Longer Screws Can Reduce the Stress on the Upper Instrumented Vertebra With Long Spinal Fusion Surgery: A Finite Element Analysis Study

Introduction

It has been reported that proximal junctional kyphosis (PJK), a common complication of adult spinal deformity (ASD) surgery, occurs in 66% of patients within 3 months after surgery and 80% of patients within 18 months after surgery.^1,2 However, most of the patients are asymptomatic.
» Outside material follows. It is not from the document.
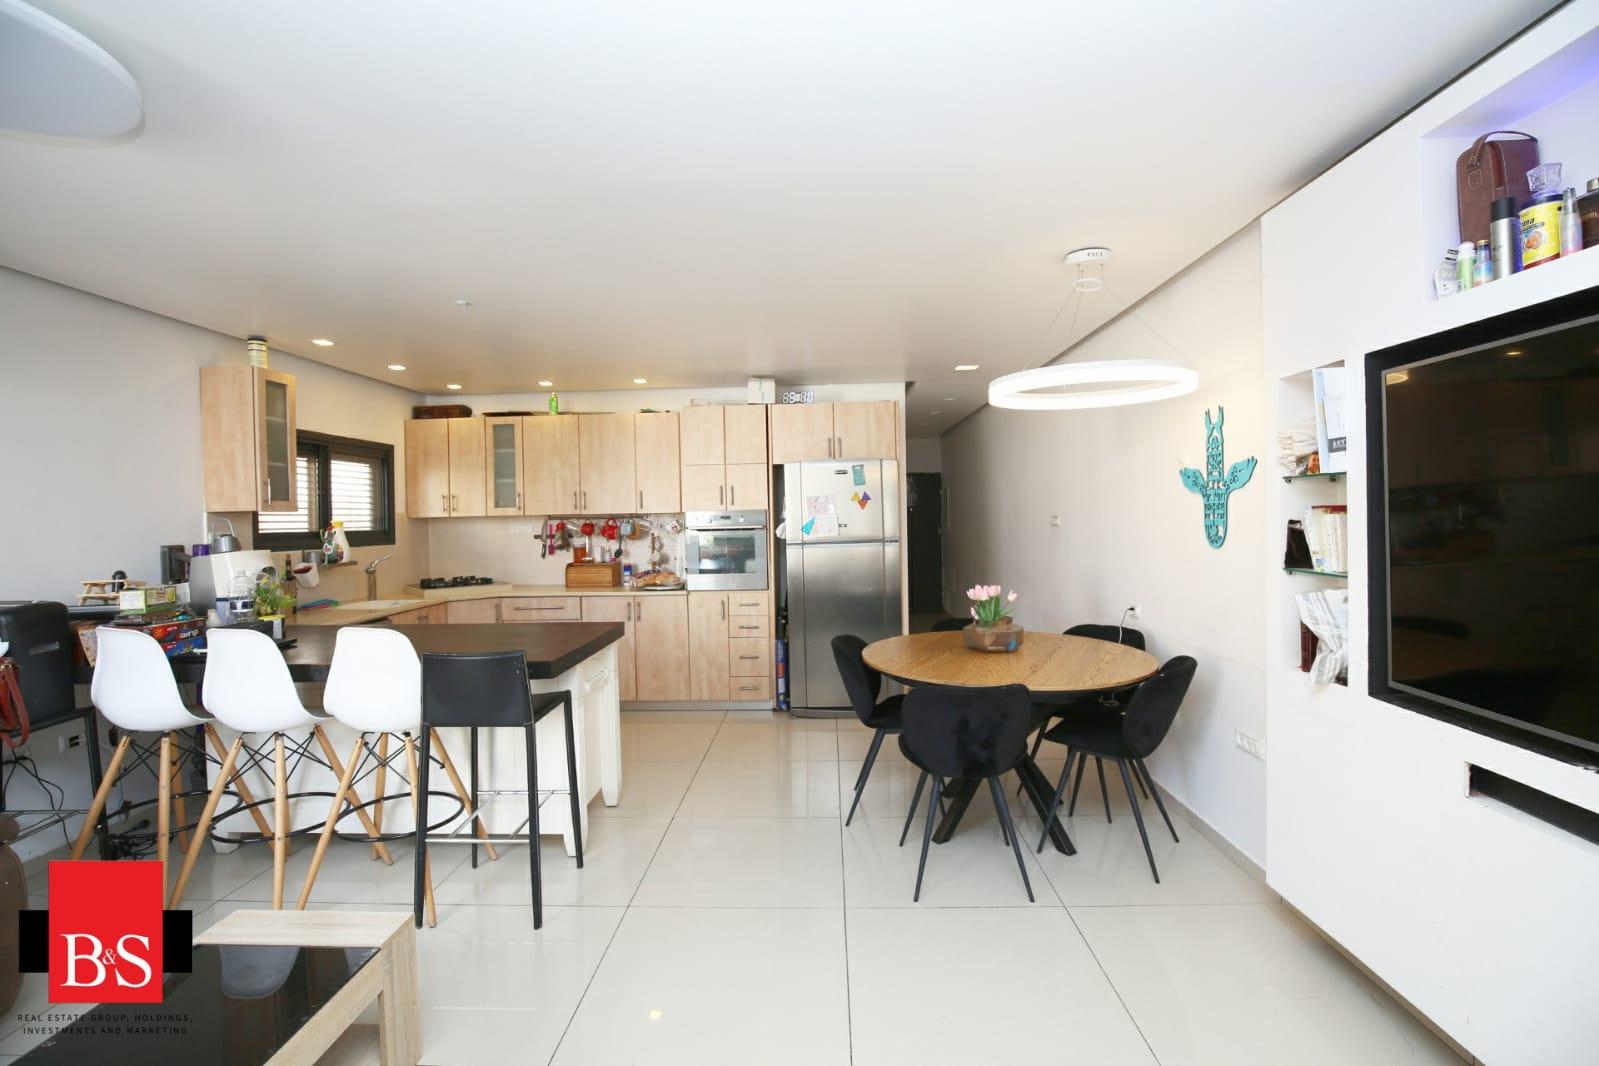 במרכז העיר, ויצמן 105, דירת 4 חדרים משופצת ויפה בבניין עם מעלית

Proximal junctional failure (PJF) refers to fractures, severe PJK, junctional ruptures, and junctional spinal stenosis, occurring at rates of 4-15%.^3-6 Upper instrumented vertebra (UIV) fractures can cause severe neurological symptoms and spinal cord injuries although the UIV is generally determined in the thoracic spine to exceed the apical vertebrae of kyphosis in ASD surgery.^7-9 Therefore, it is very important to prevent these fractures. Park et al reported that bicortical fixation at the UIV risks fracturing the UIV in ASD surgery. ¹⁰ They suggested that the incidence of UIV fractures in unicortical fixation was 0%, while that in bicortical fixation was 42.9%. Similar results were demonstrated by Wui et al using finite element analysis (FEA). ¹¹ However, these studies did not consider the length of the pedicle screws (PS). In fact, when using longer screws in the vertebral body, less stress is placed on the vertebral body. Oe et al reported that higher occupancy rate of PS (ORPS) in the vertebral body of the UIV prevented UIV fracture in patients undergoing ASD surgery, and the cutoff value was 73%. ⁹ There are few studies investigating the stress on the UIV according to screw length in long spinal instrumented fusion, and this is difficult to test in clinical practice. Biomechanical studies such as FEA are needed because they make it possible to investigate differences in stress applied to the UIV by changing the screw length under similar conditions. However, no studies have investigated this biomechanically. The usefulness of FEA has been reported in many studies.^12-15 Imai et al reported that FEA can accurately predict bone strength and fracture site in their study using fresh cadaver. ¹⁶ The purpose of the present study was to use FEA to determine differences in loads on the UIV according to differences in length of PS and ORPS in long instrumented fusion surgeries.

Materials and Methods

FE Model

A nonlinear three-dimensional (3D) FE model of a lumbar spine (L1-S1) was designed using the FE software ADINA (ADINA R&D Inc, Watertown, MA, USA) from a computed tomography scan of a healthy 30-year-old male subject. This FE model is the same model previously used by Natarajan et al. ¹⁷ The articulating surfaces of the facet cartilage were approximated as frictionless 3D contact surfaces. The geometries of the vertebrae and the discs were meshed into a combination of eight-node brick elements and four-node tetrahedron elements. Based on the previous study, the material properties of each structure were modeled as follows; cancelous bone (Young’s modulus 100 MPa, Poisson’s ratio 0.2), cortical bone (Young’s modulus 12 GPa, Poisson’s ratio 0.3), facet cartilage (Young’s modulus 24 MPa, Poisson’s ratio 0.4), Posterior elements (Young’s modulus 3.5 GPa, Poisson’s ratio 0.25), endplate (Young’s modulus 24 MPa, Poisson’s ratio 0.4), and nucleus (Young’s modulus 0.8 MPa, Poisson’s ratio 0.49).^18-22 (Table 1) Mooney—Rivlin hyperelastic material constants in annulus properties were 0.28 in C1 and 0.28 in C2. ¹⁸ The PS, which were set from L2 to S1, and the rod were modeled as titanium alloy (Ti-6AI-4 V, Young’s modulus 127 GPa, Poisson’s ratio 0.3). ¹⁷ The diameter of PS was set as 5.5 mm and the connected rod had a diameter of 6 mm and length of 160 mm. All PS were rigidly connected to the ROD.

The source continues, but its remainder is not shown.